Let's get real, shall we? anyone who thought that September 11 was all that there would be is not very bright.
Then again, Ashcroft apparently thought that the media -- a media which has been in war frenzy for a solid three weeks now, and pouncing on the administration's every utterance -- would somehow not notice that he'd said that there would be more attacks. On a morning news show. Yes. Well. Perhaps some of the dimness is in the Justice department.
Interestingly, it looks like some people will receive warning of moves on Afghanistan. The FBI is apparently going to be given notice so that it can go on hyperalert. I daresay that means that anyone who has ever been suspected of even thinking about looking at a terrorist will be detained for the maximum amount of time possible; the number of arrests by the FBI will probably spike sharply just before the attack. Which, I dare say, terrorists would be looking for.
@ 04:48 PM CST [Link]
I dare say Israel doesn't really need to worry about becoming Czechoslovakia. However deserved it sometimes may be, the US will not abandon them at this point. We will not tell the terrorists, "Go ahead, take the country." It's an utterly ludicrous statement.
"There is no good terrorism and bad terrorism," Sharon said. "It is worse than murder.
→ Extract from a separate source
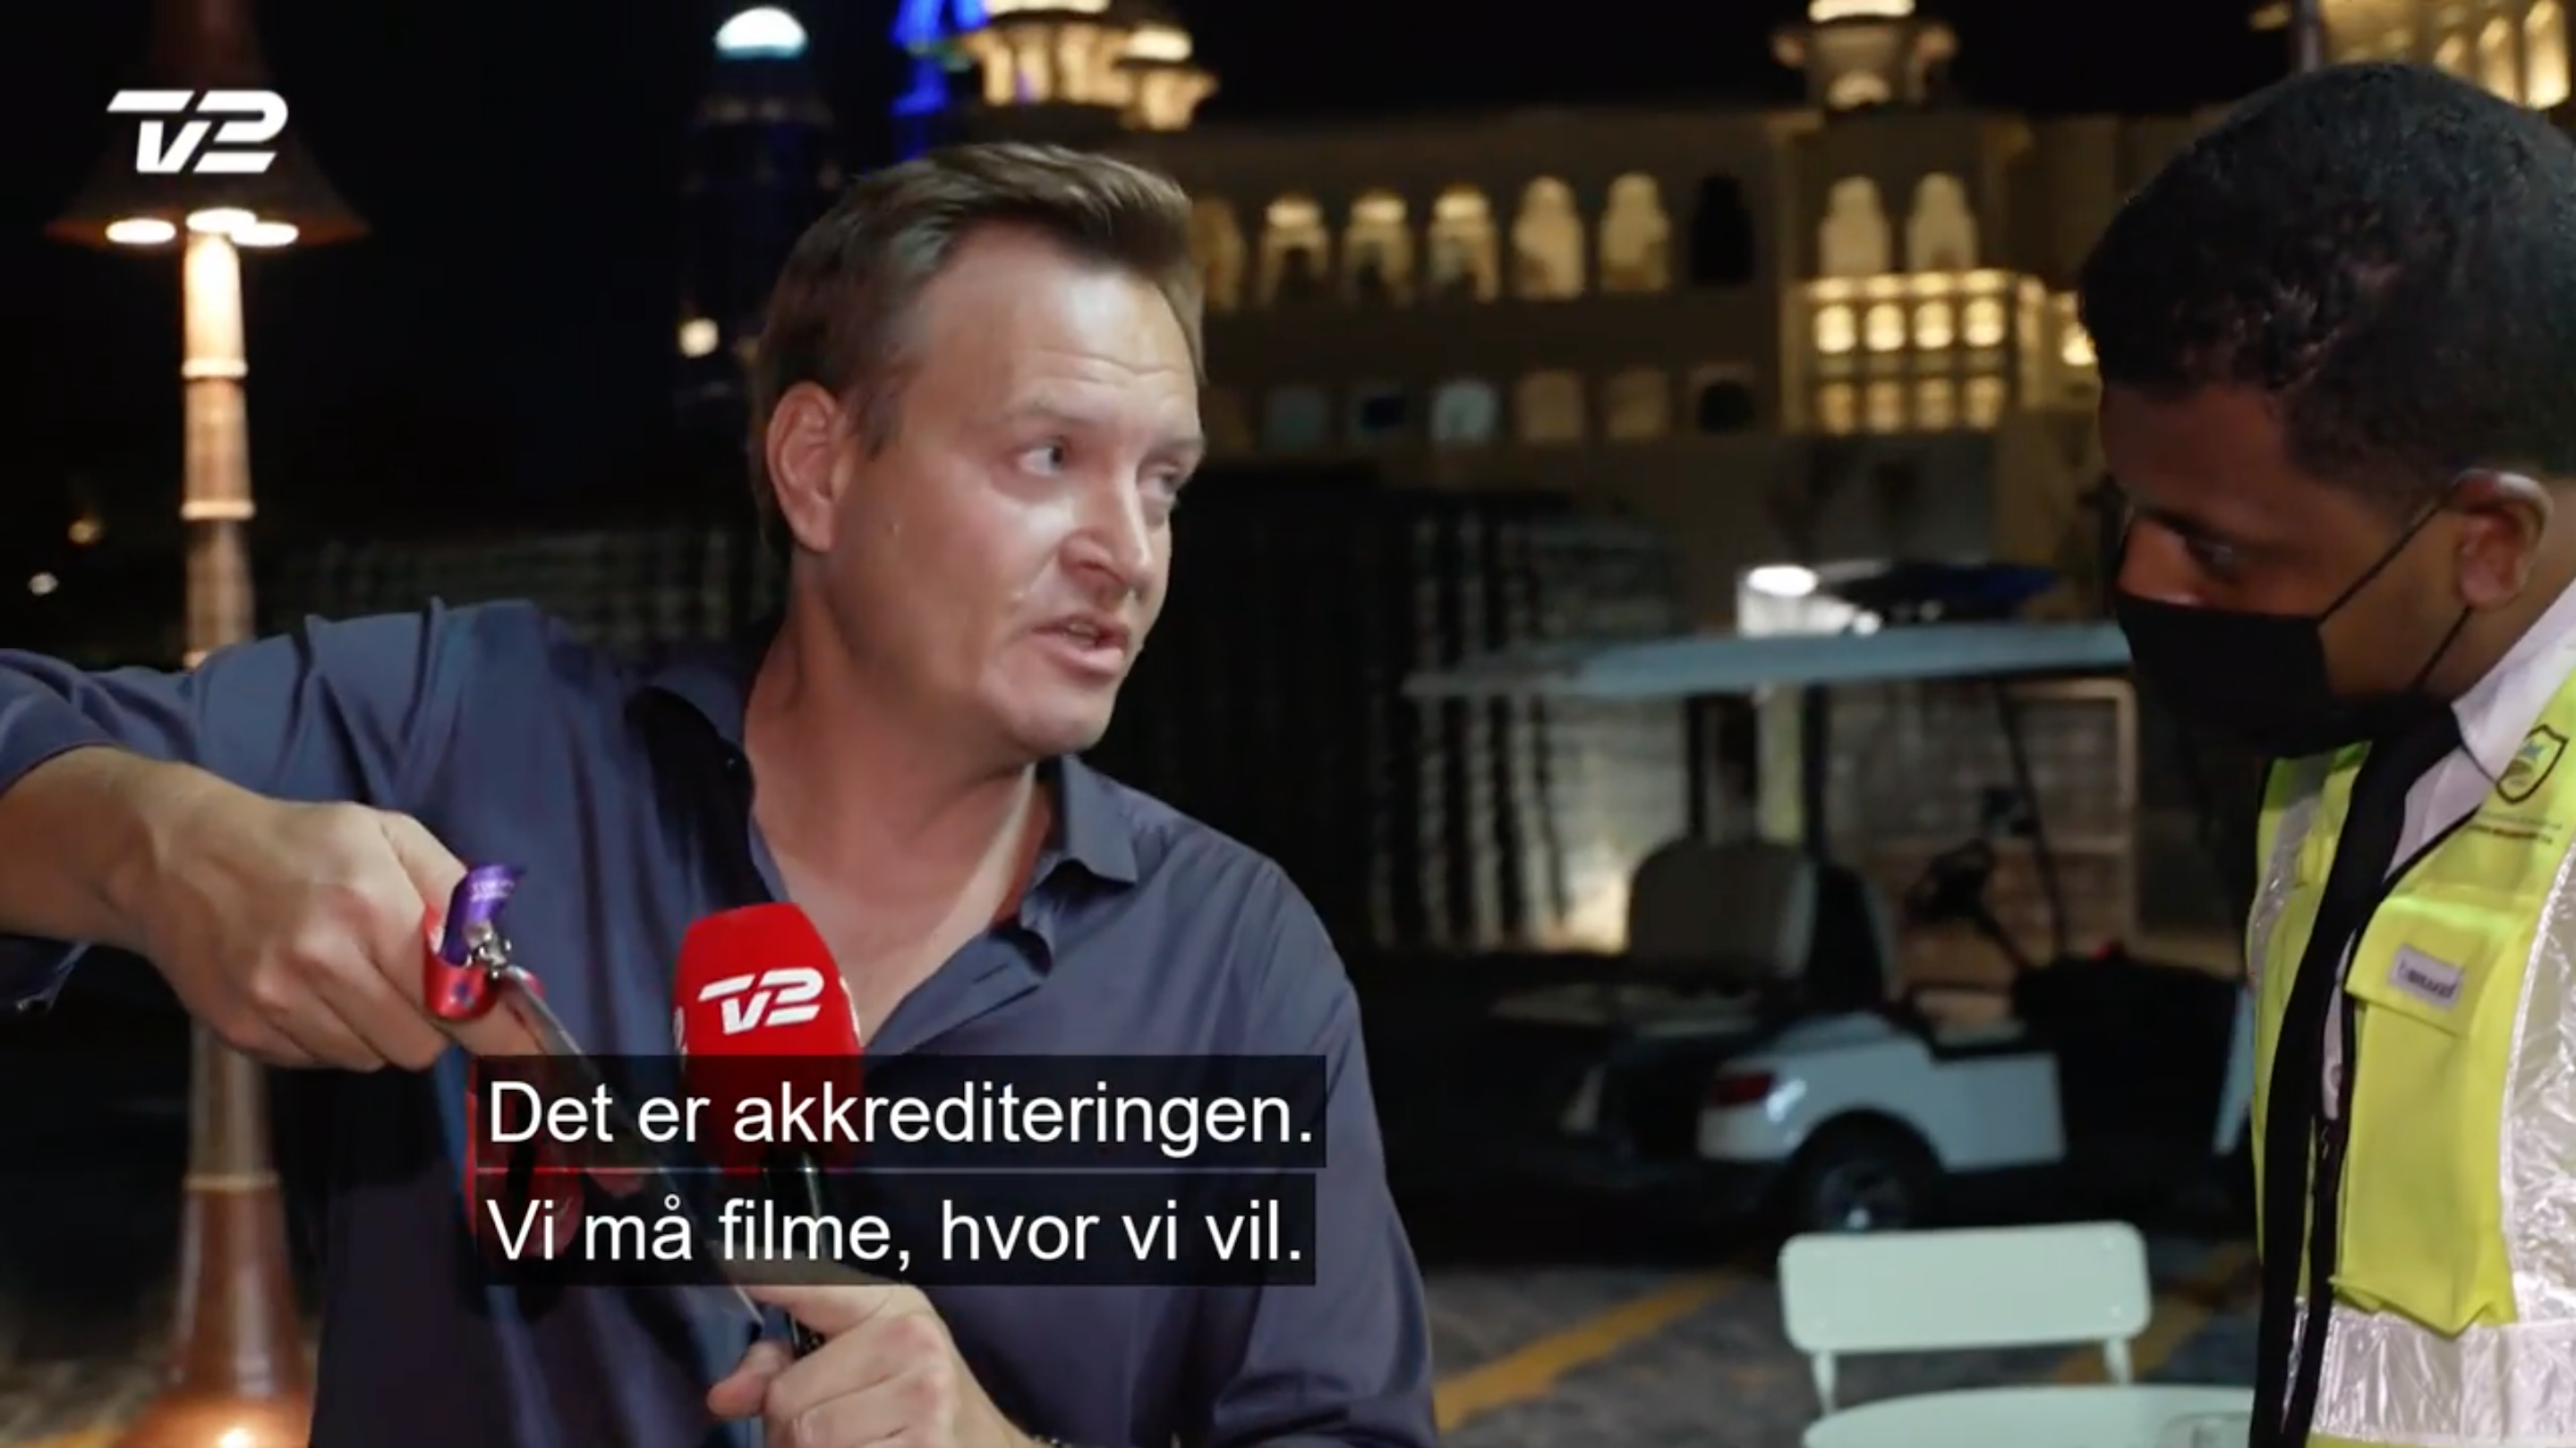 Der Dänische Journalist Rasmus Tantholdt zeigt Sicherheitskräften seine Akkreditierung.

We have been fighting terrorism for over 100 years...."
OK, see, two problems with that statement: (1) terrorism IS murder -- that's part of the point, making people fear random attacks and death -- and (2) Israel's only been around since 1948. It's kind of hard to fight against guerilla attacks on the state for 100 years when the state is only 53.
One of Mr Sharon's aides quickly said that the prime minister had not meant to imply that the United States was acting in a "dishonourable way".
Um ... right. You compare the US to pre WW2 Britain, imply that we're telling the terrorists to partition up the country, we won't mind, and then you say that you didn't mean to say that we're acting in a "dishonorable way." Yeah. Right. Sure.
You'd think that Dubya and friends could have said something slightly stronger than that the remark was "unacceptable", though. (You wonder exactly how Fleischer said what he did to provoke the staid Beeb into talking about "White House fury." It sounds like a pretty mild response to me.)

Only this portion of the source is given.